Pastoral Poetry - from the language of flowers

Both my parents and H's parents are very green-fingered; they have beautiful gardens that are a joy to spend time in, and reflect the time and effort put into them by each. Whilst I enjoy being in a lovely garden, H and I have wondered whether the bug skipped a generation with each of us.

We love the garden to look nice and happily spend hours stretched out on the lawn/miniature hockey pitch each summer, starfish-snoozing on a quilt with books, sketchpads, knitting and long cool iced drinks within easy reach.

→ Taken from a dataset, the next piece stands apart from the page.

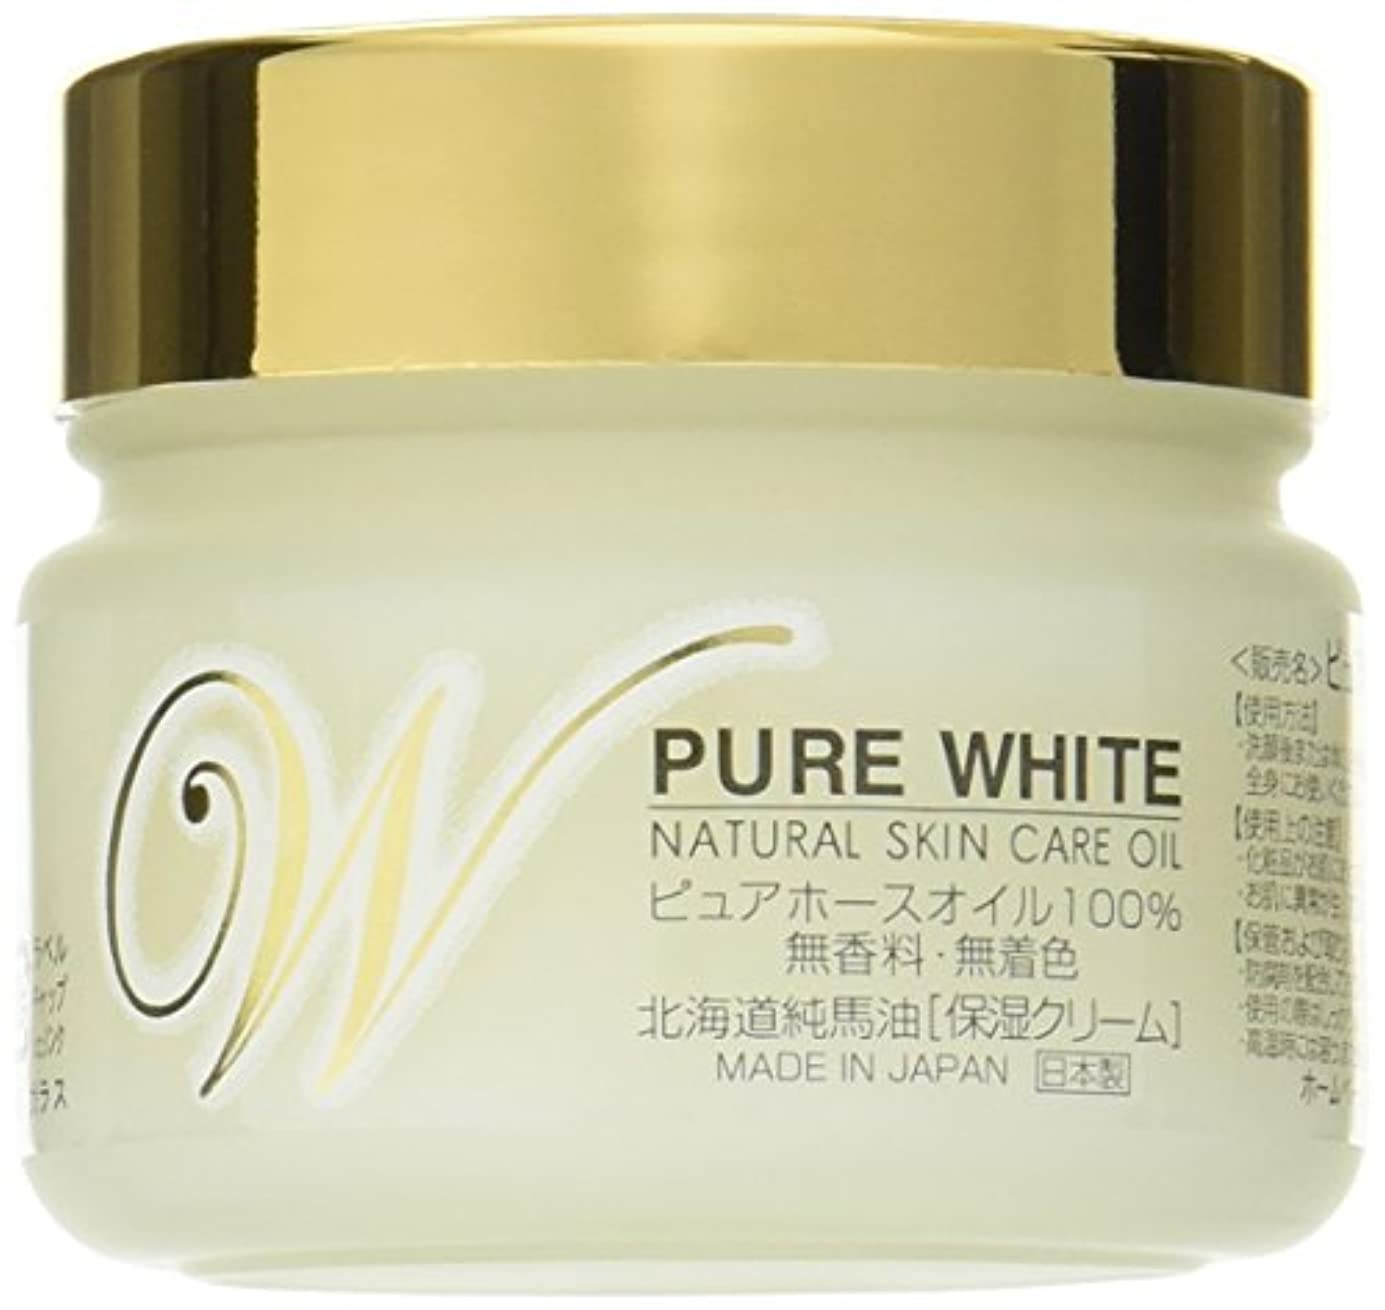 罪悪感熱広告する北海道純馬油本舗 ピュアホワイト ピュアホースオイル100% 保湿クリーム 無香料無着色 100g

What we lack is the incentive to get out there every weekend, keeping things up to the minute and monitoring each and every bloom. We have moments of intense hard work where we have a massive tidy up and everything looks wonderfully neat with all the bulbs planted, or all the annuals spilling out of the beds, and then we sit back and enjoy it until it gets too messy to contemplate and we have a giant tidy up. Perhaps the phrase is 'garden teenagers'!

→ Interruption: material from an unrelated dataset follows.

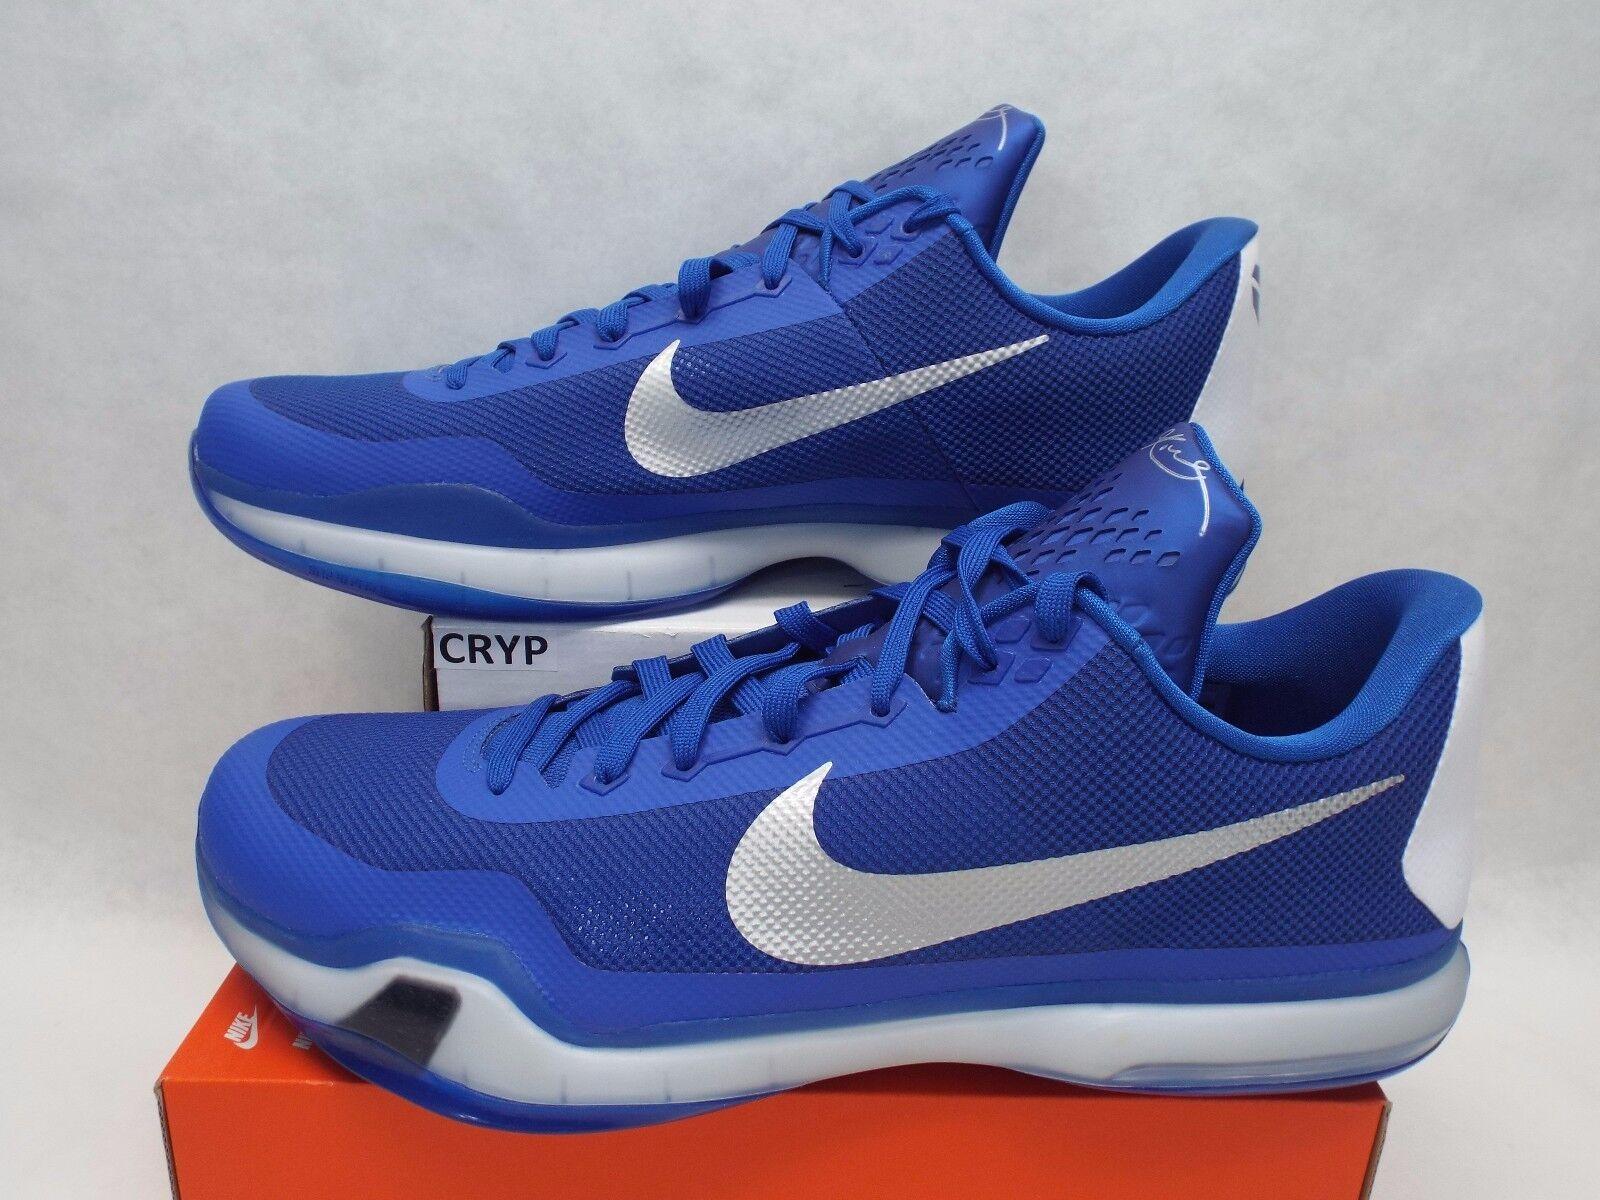 Nuevo hombre 18 Nike Kobe x TB blanco Mid zapatillas de baloncesto blanco TB real reducción de precios 3f1009

I've long held a theory that everyone is creative in some way, they just have to find what that way is. A couple of colleagues claim not to be creative at all, yet they both have an enviable sense of fashion style, and one in particular has the interior design creativity that would give her an easy alternative career if she got bored of our daily grind.

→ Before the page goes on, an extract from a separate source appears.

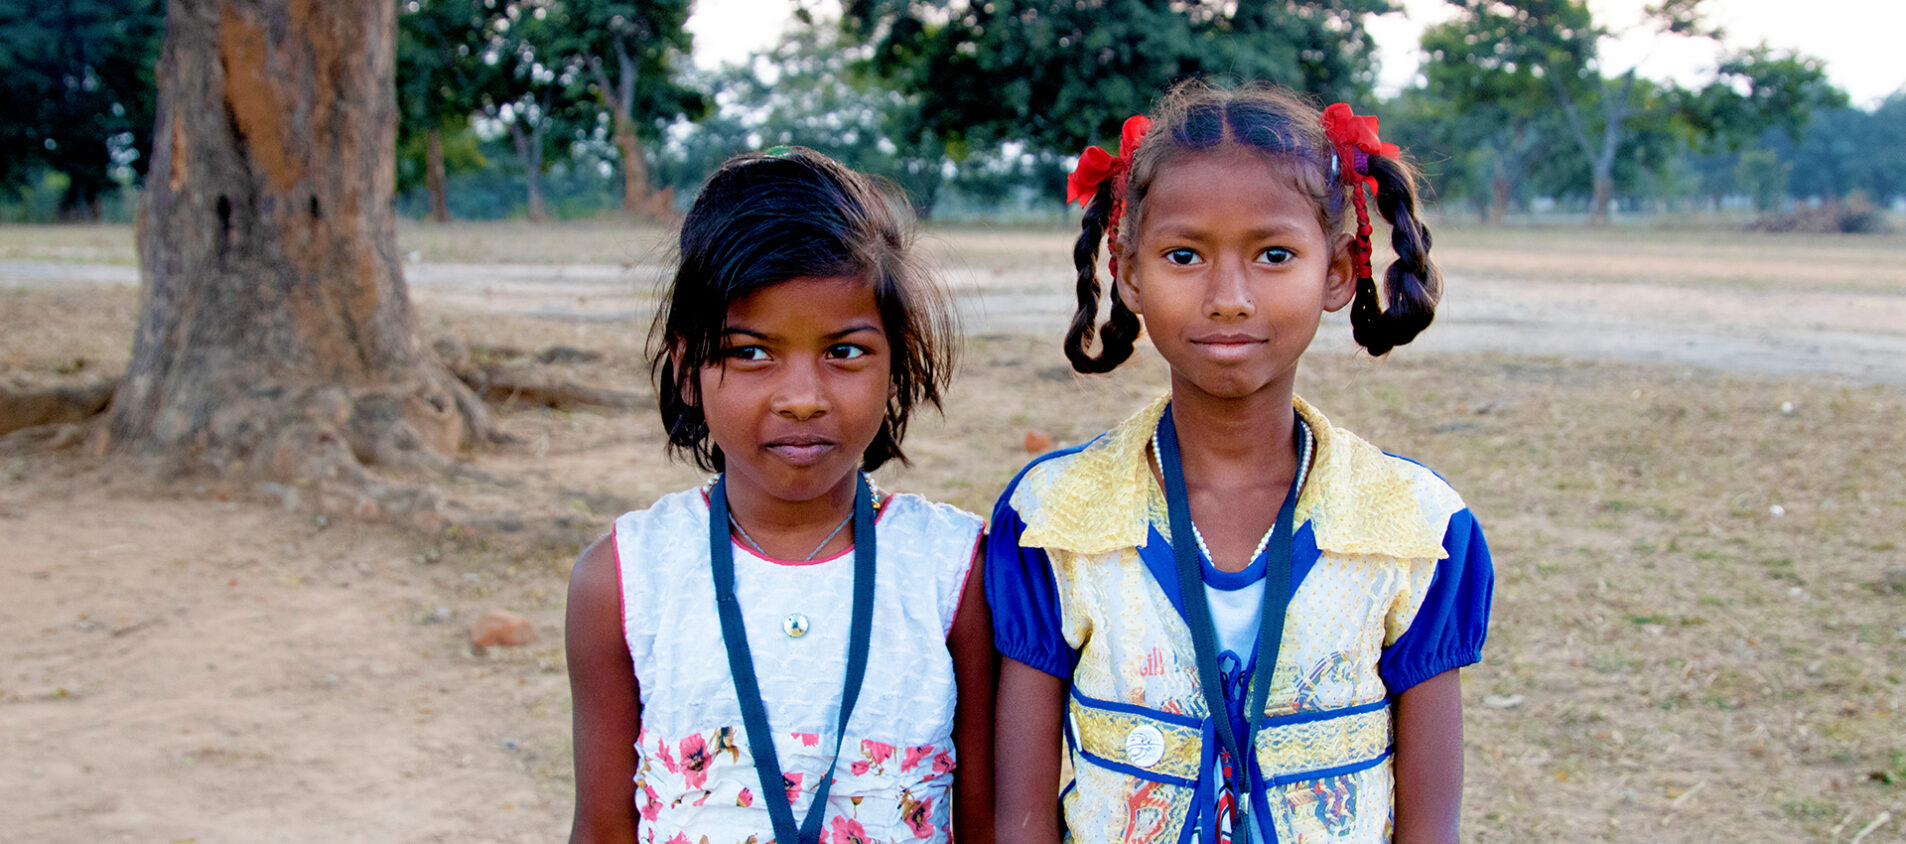 Roshni och Choti är med i ett barnparlament där de gör bra saker för andra barn och för sig själva.

The thing is, I think the same might be true of growing things; you just need to find what it is that you love to grow, and I'm increasingly convinced that I have my answer:

January 111
Bulbs. The gardening equivalent of a supper that you just pop in the oven and set the timer. In this particular case, an Amaryllis. Pure and simple.

I love pouring through the catalogue and choosing new colours to try (sadly lacking both the pots and the finances to go with my instinct of one of each); potting up the bulbs carefully just as everything outside is settling down to a winter hibernation; and watching as the first hint of green starts to appear from the papery edges.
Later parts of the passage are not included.